# Assignment:
Which lines belong in your copy? Those from the start of the data through the line with "Small shoe with", exactly as written, without any pictures.

# Information provided:
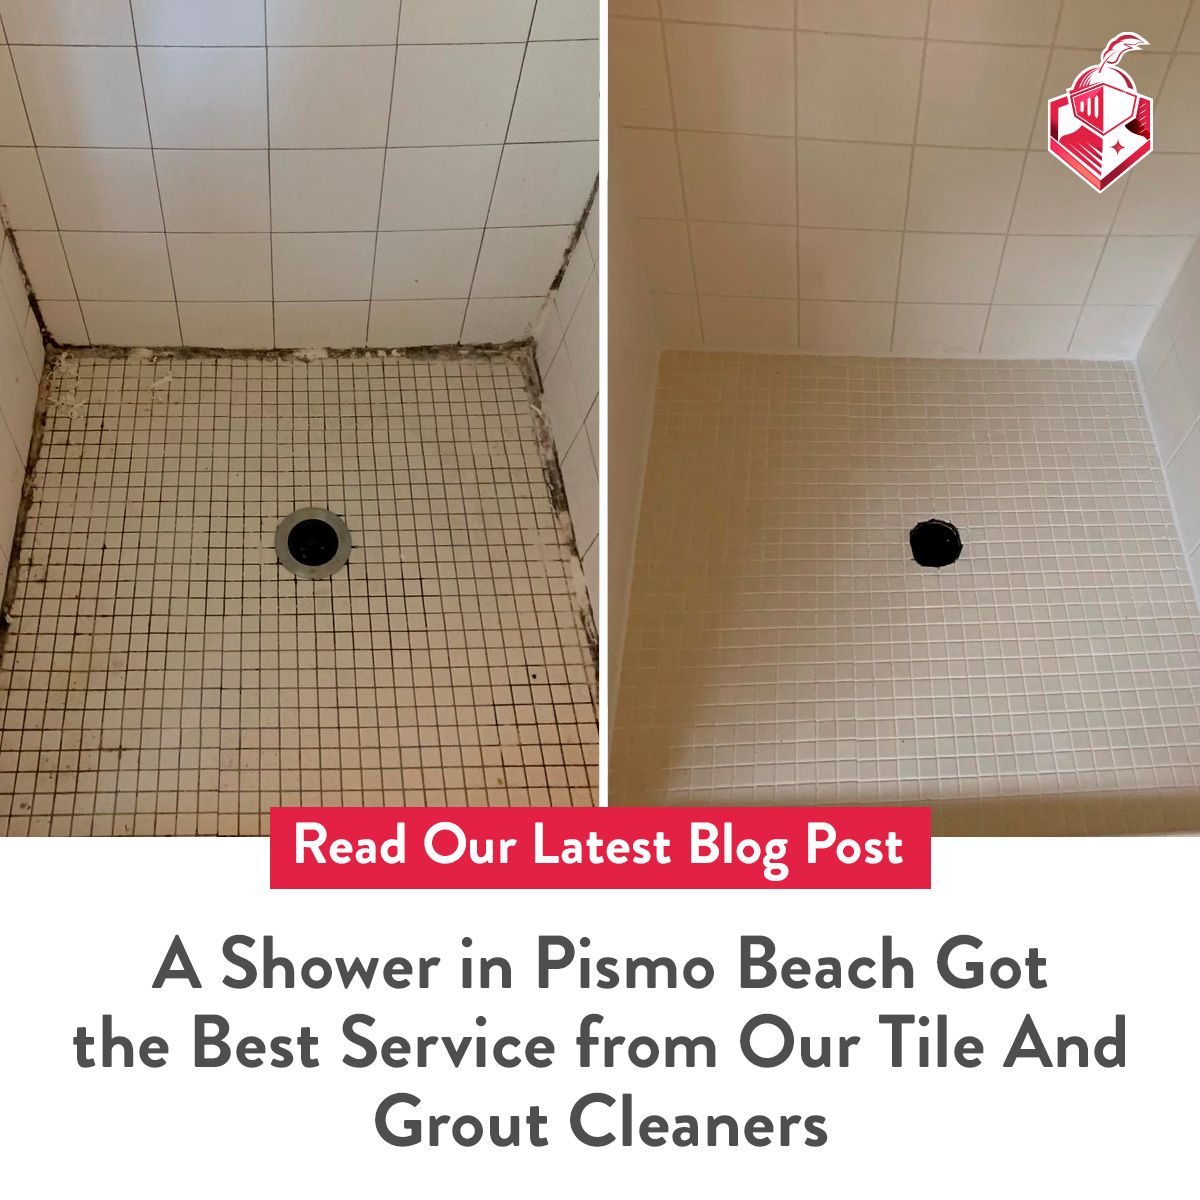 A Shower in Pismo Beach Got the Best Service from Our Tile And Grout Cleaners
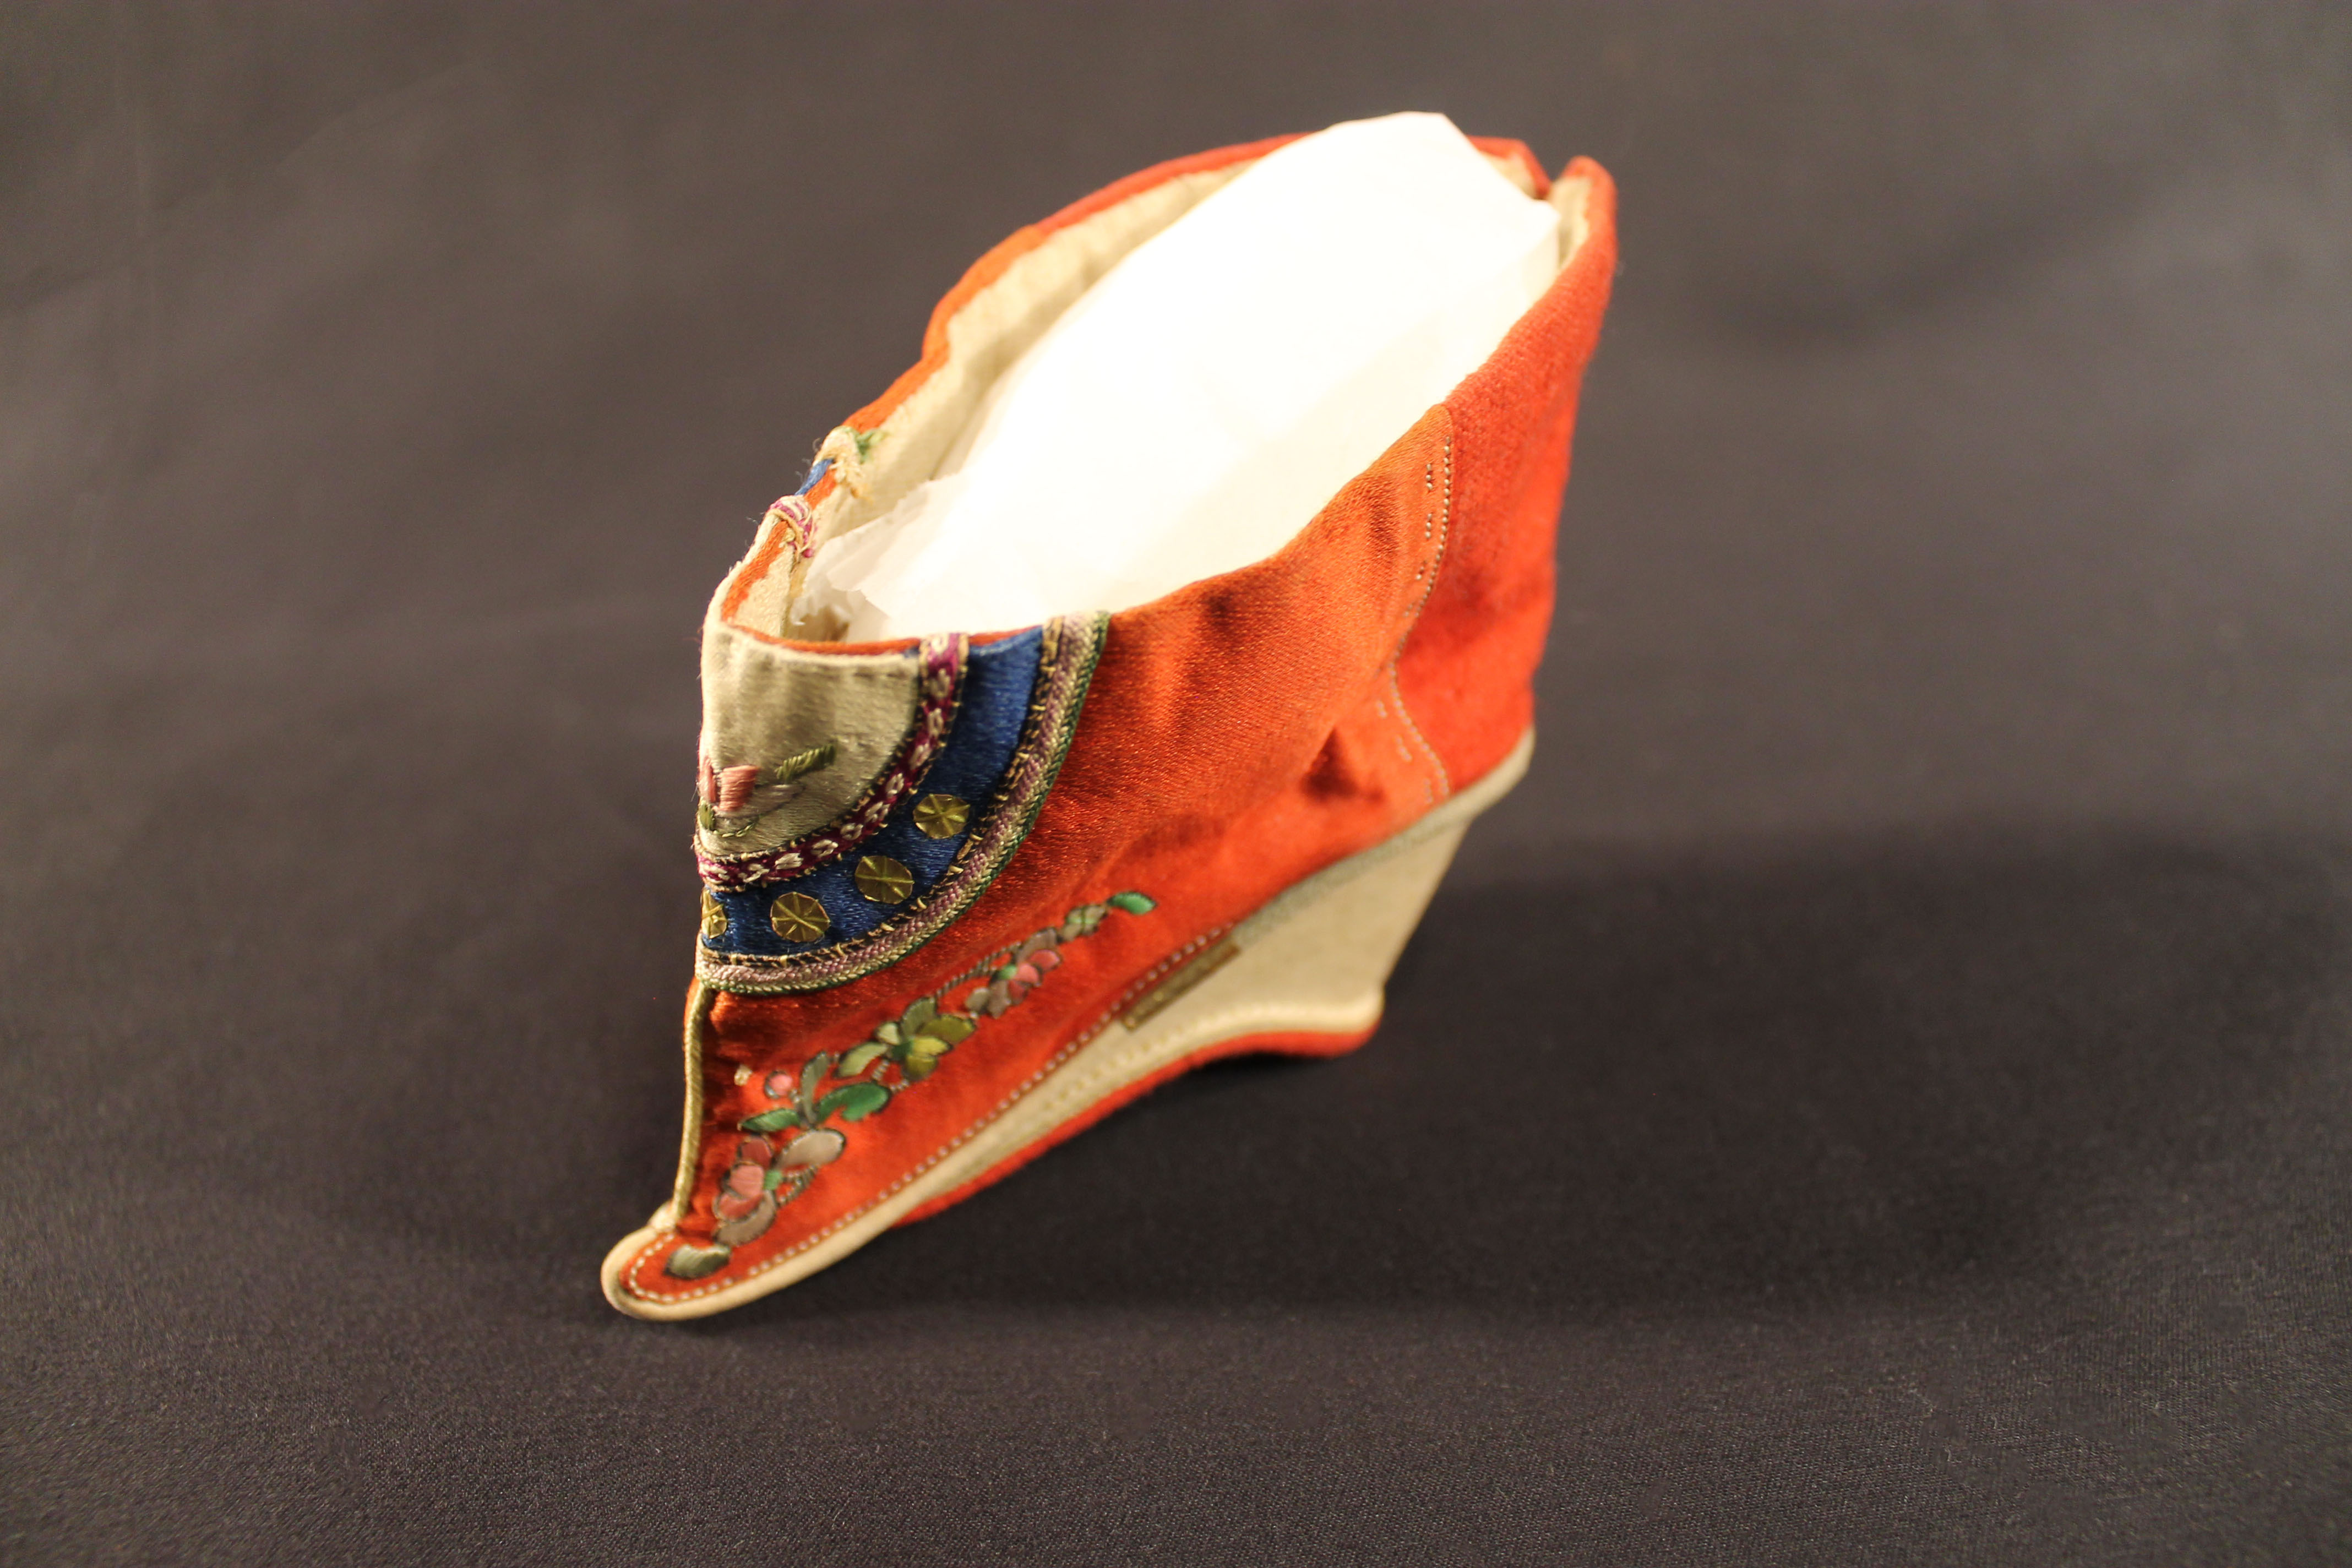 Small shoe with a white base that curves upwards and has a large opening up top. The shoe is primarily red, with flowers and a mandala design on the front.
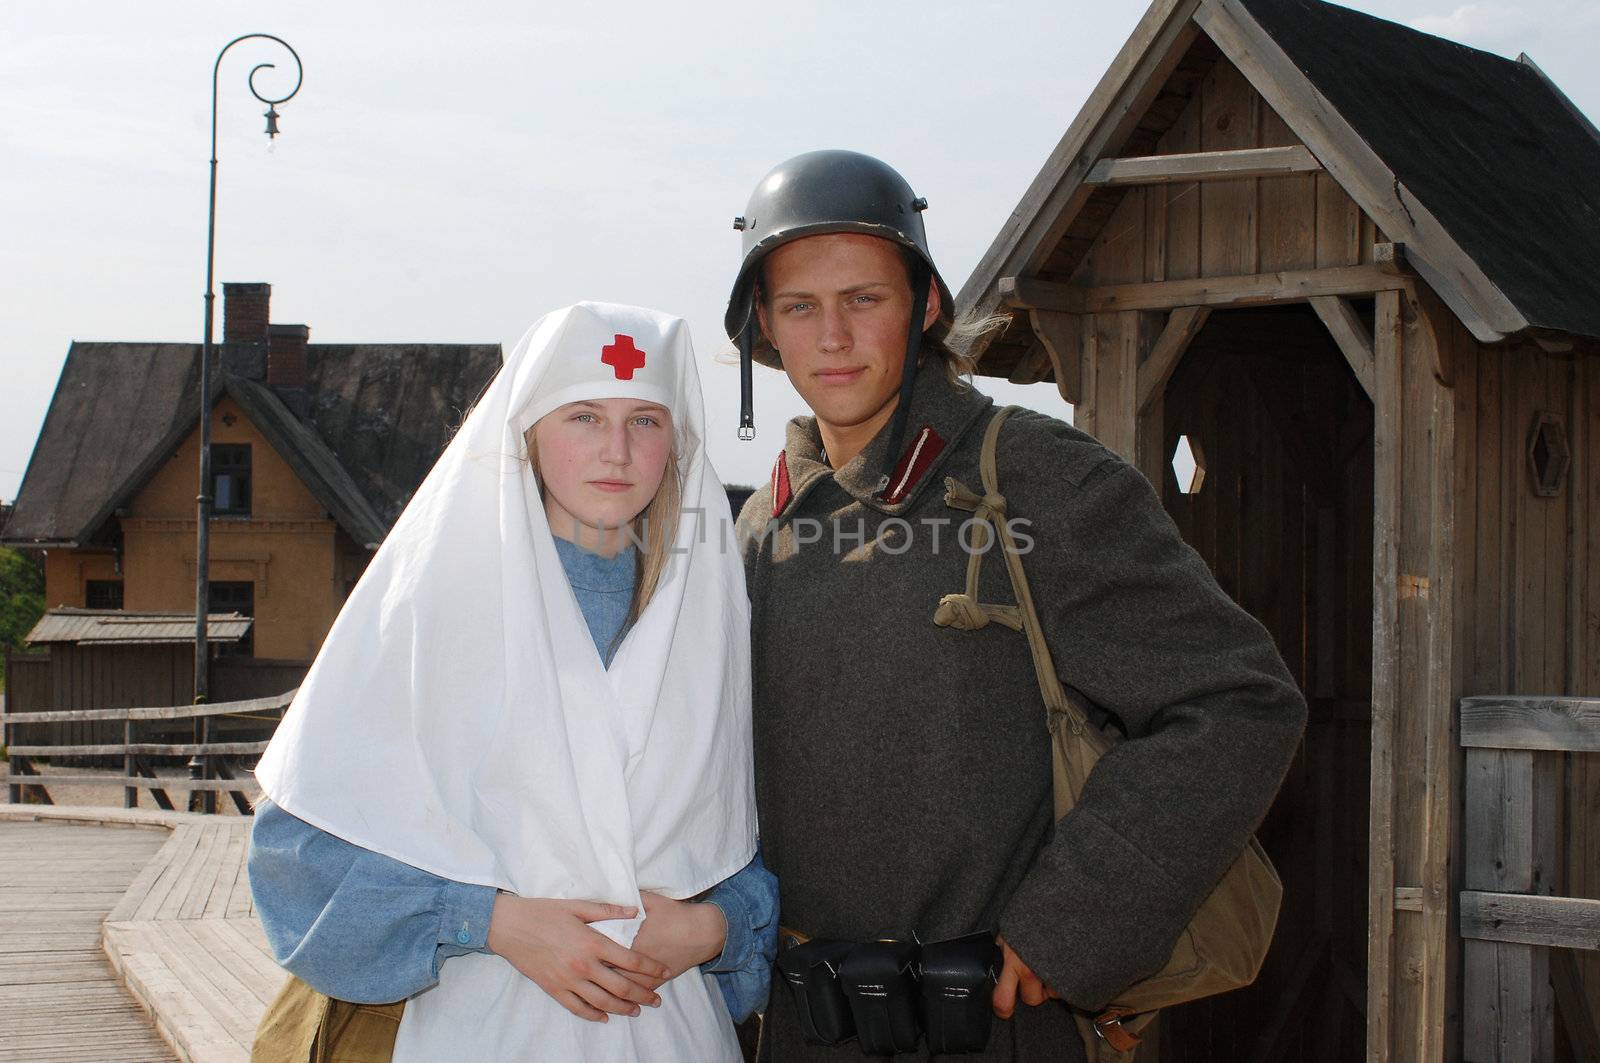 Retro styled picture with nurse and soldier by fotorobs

# Response:
 A Shower in Pismo Beach Got the Best Service from Our Tile And Grout Cleaners
 Small shoe with a white base that curves upwards and has a large opening up top. The shoe is primarily red, with flowers and a mandala design on the front.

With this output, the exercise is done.